If you the same requirements as before, but you want to reduce the cognitive load of hardening the application security on the application teams, consider creating a catalog of policies for different application types present in your organization. For example, you can have a catalog with two policies:

  • First Policy: Recommended to protect Wordpress based applications
  • Second Policy: Recommended to protect PHP applications with an SQL database. You can create two versions of this policy, with different blocking sensitivity levels. This way application teams can choose the one that meets their security requirements (paranoia level), and their willingness to manage false positives.

The scope of each policy is defined by a specific tag (e.g wordpress for first policy, and LAMP_HIGH/LAMP_LOW for second policies). Application teams consult the catalog of available policies and apply the tag of the desired policy to their resources. Firewall Manager automatically associate WAF WebACLs to their resources.

Note that with this approach, you can manage false positives, and stage changes in the same way described in the previous section.

Application level behavioral detection

At your application level, you can use custom signals to identify abnormal behavior, based on what is expected by your application. For example, you might expect users to navigation your application in a certain order, or you do not likely expect a user to order certain goods from/to certain countries based on his registered address. Using such signals, you can automate your response using AWS WAF, for example by blocking or challenging using CAPTCHA requests coming from IPs with suspicious application level behavior.
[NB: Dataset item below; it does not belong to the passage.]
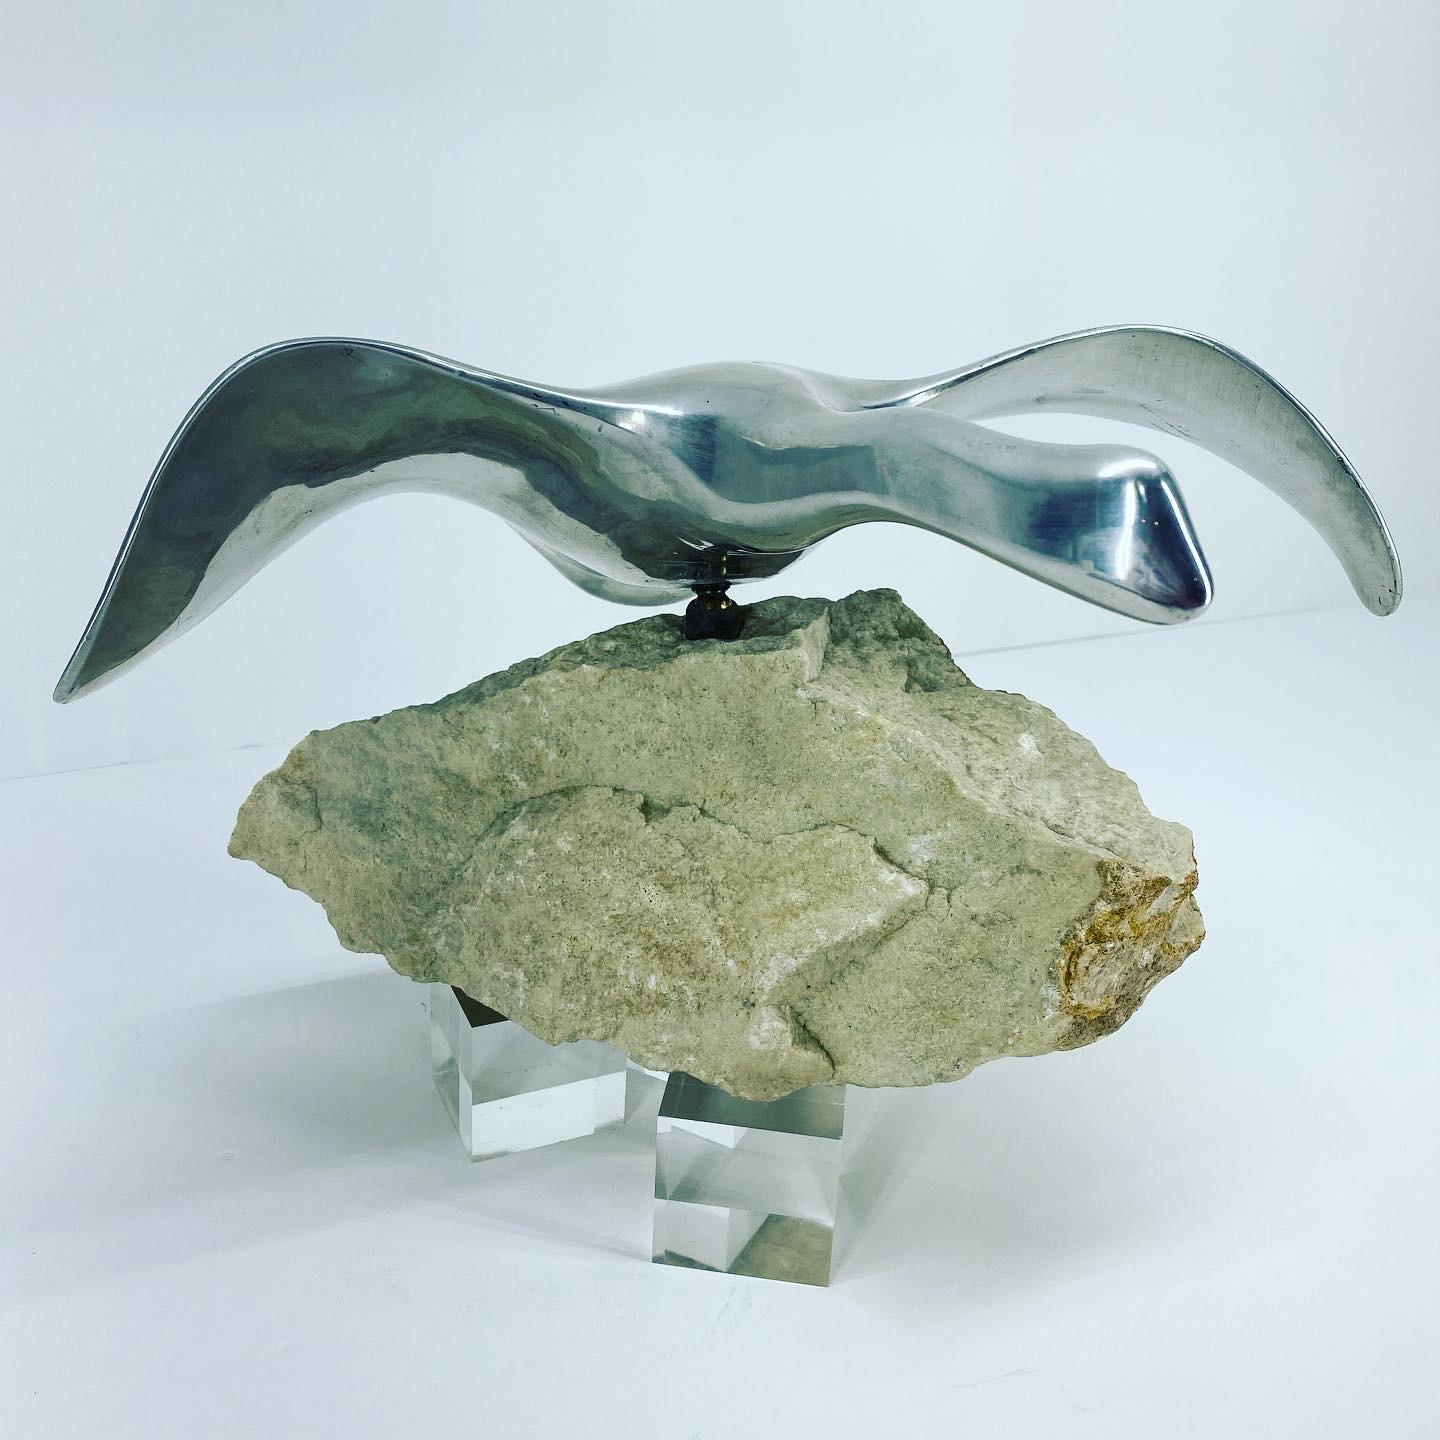 canada goose sculpture

To get started with the concept of WAF automation based on application signals consider the examples in this AWS Solution.

Advanced automations include:

  • Consuming high risk events emitted by Cognito during signin/sign up process.
  • Consuming high risks events identified by Fraud Detector. Fraud Detector uses machine learning (ML) and 20 years of fraud detection expertise from Amazon Web Services (AWS) and Amazon.com to automatically identify potential fraudulent patterns performed by humans and bots in real-time. Fraud Detector allows detections of Fraud by analyzing application-level user behavior, using your own historical fraud data to train, test, and deploy custom fraud detection machine learning models tailored to your use case.
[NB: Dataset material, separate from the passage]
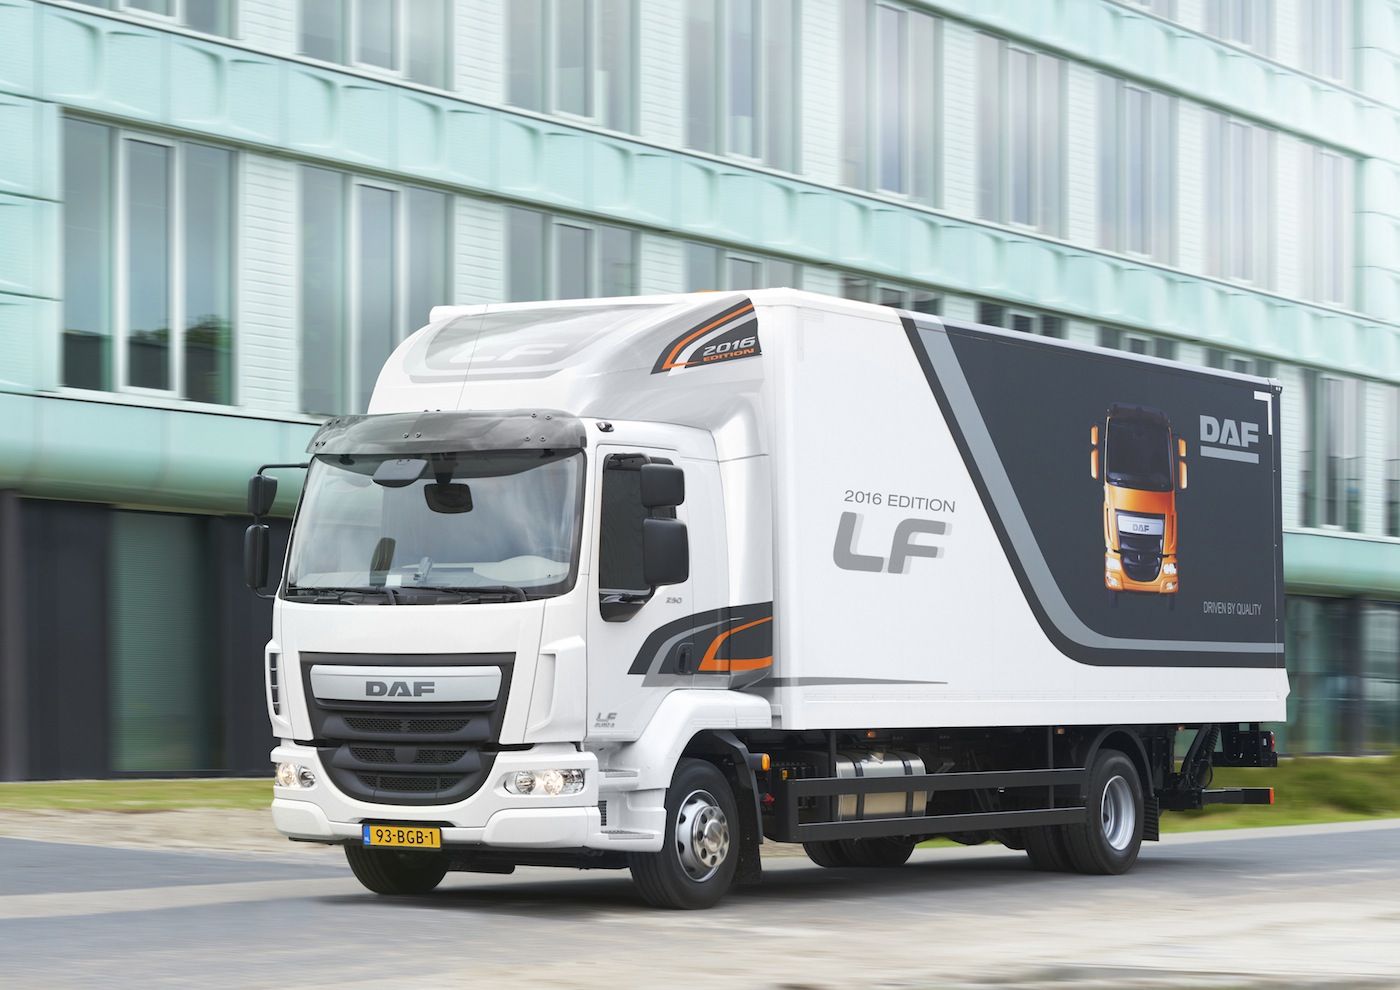 DAF presenta la nueva edicion del camion LF

A fully managed policy for each application team

If you prefer to completely offload the WAF management from the application teams to your central security team, then create a dedicated policy for each application team, with a scope that only applies their AWS Accounts. In this scenario, you need to create processes for the initial setup, and communication channels between the applications teams and your central security team for operations such as managing false positives.